If I bought a .452" die then that is what I'd expect to get, if i got a .450" then I've been sold the wrong product. Unfortunately Lee is going like many post modern companies and applying the Ikea method of quality control, get the customer to do it.

P.K.
03-13-2013, 05:54 AM
I'm going to have to send the one I just got back....similar issue with a .452-200SWC. Pushes through at .449-.450.

fordfan
03-13-2013, 07:59 AM
thank you gentlemen for your replies and advise I will be calling Lee today

44man
03-13-2013, 08:16 AM
thank you gentlemen for your replies and advise I will be calling Lee today
Might be the alloy too. Most will spring back a little.
Lee dies are so easy to lap that I bought a bunch for the .44 and in minutes I have from .430 in steps to .434"

metho
03-13-2013, 01:27 PM
I would just get some sand paper and a doll rod and open it up some more. I had to do this with my 356 die that was sizing to 354.

Recluse
03-13-2013, 02:03 PM
Send it back why tolerate poor products from a company that is notoriously cavalier with its quality, tolerances and specifications.

+1,000,000

That is THE BEST description I've heard of Lee ever since the first anointment of Obama and the subsequent surge of purchasing began occurring--


a company that is notoriously cavalier with its quality, tolerances and specifications.

After the debacle I went through on the vaunted Classic Cast single stage press--which now finally works how it was supposed to--I've come to the conclusion that if the only place I can get a product is from Lee, then I don't really need it.

Funny thing is that I have some really old Lee stuff that still continues to function and work flawlessly. I'm talking about stuff that is over two decades old and older. It's the new junk from the past few years that has me walking away from them.

:coffee:

MT Chambers
03-13-2013, 05:59 PM
The sizing specs on Lee dies is just an approximation, anywhere between .449" and .454" fits within their specs for a .452' sizer. In the industry, it's called the +5 to -5% rule.

fordfan
03-13-2013, 08:59 PM
I would just get some sand paper and a doll rod and open it up some more. I had to do this with my 356 die that was sizing to 354.what grit of sand paper would be the best to start out with and for the final.

DrCaveman
03-13-2013, 09:14 PM
Fordfan

I started a very similar post a few weeks ago. Turned out the main culprit was my calipers, so I went and got a micrometer for $25.

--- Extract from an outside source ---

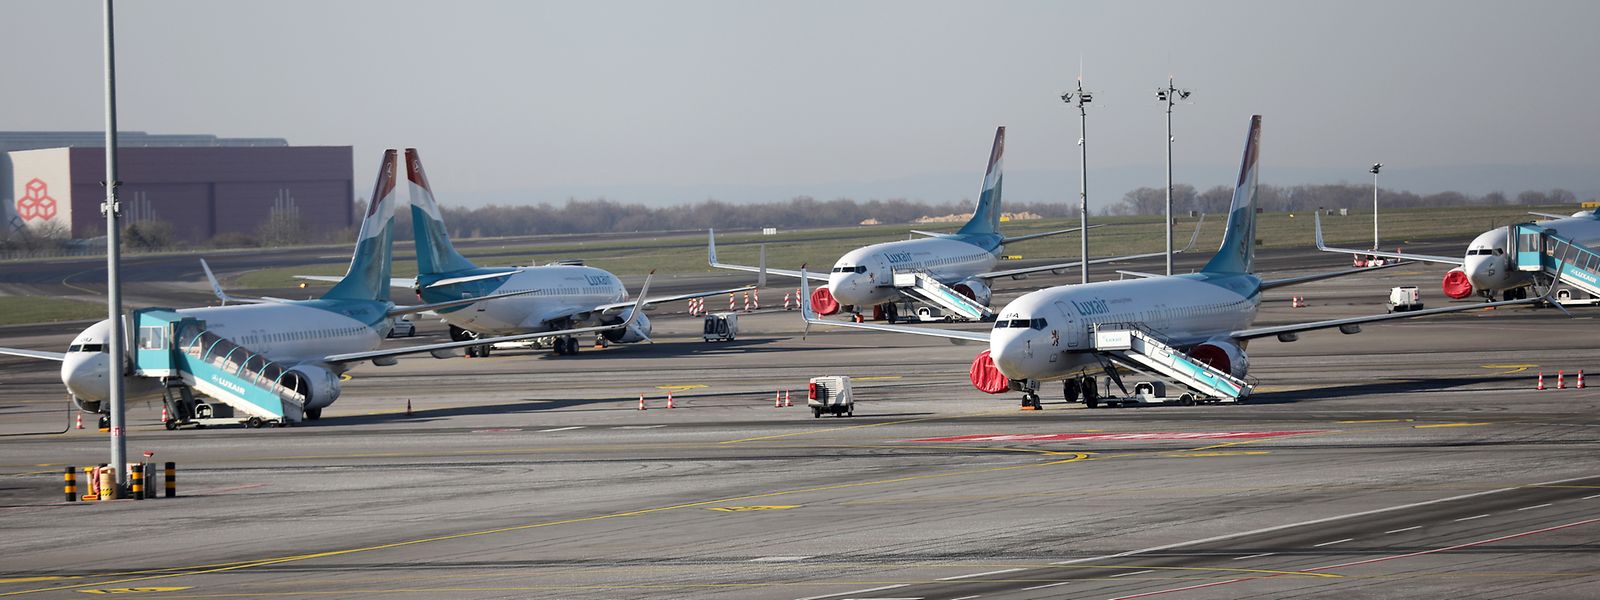 Confinée depuis le 23 mars à l'aéroport du Findel, la flotte de Luxair nécessite une maintenance aussi stricte que particulière

Reslugged the barrel, saw groove diameter of .4515". Measured the boolits run through the 452 sizer at .4515". They shot like champs, and although I have a very small amount of leading after 150-200 rds, I am pretty happy. Prob will lap it out a titch tho.

My calipers were showing .450-.450-.450 time and time again but the mic disagreed, as did the gun. When trying to load unsized, I run into a lot of chambering issues with my STI Spartan. But if I run the round through my lee FCD, the chamber probs go away. As long as my length is right.

So, three step process: 1. Slug barrel, measure with micrometer. 2. Measure sized boolits with micrometer. 3. Try dropping sized vs unsized loaded into your barrel.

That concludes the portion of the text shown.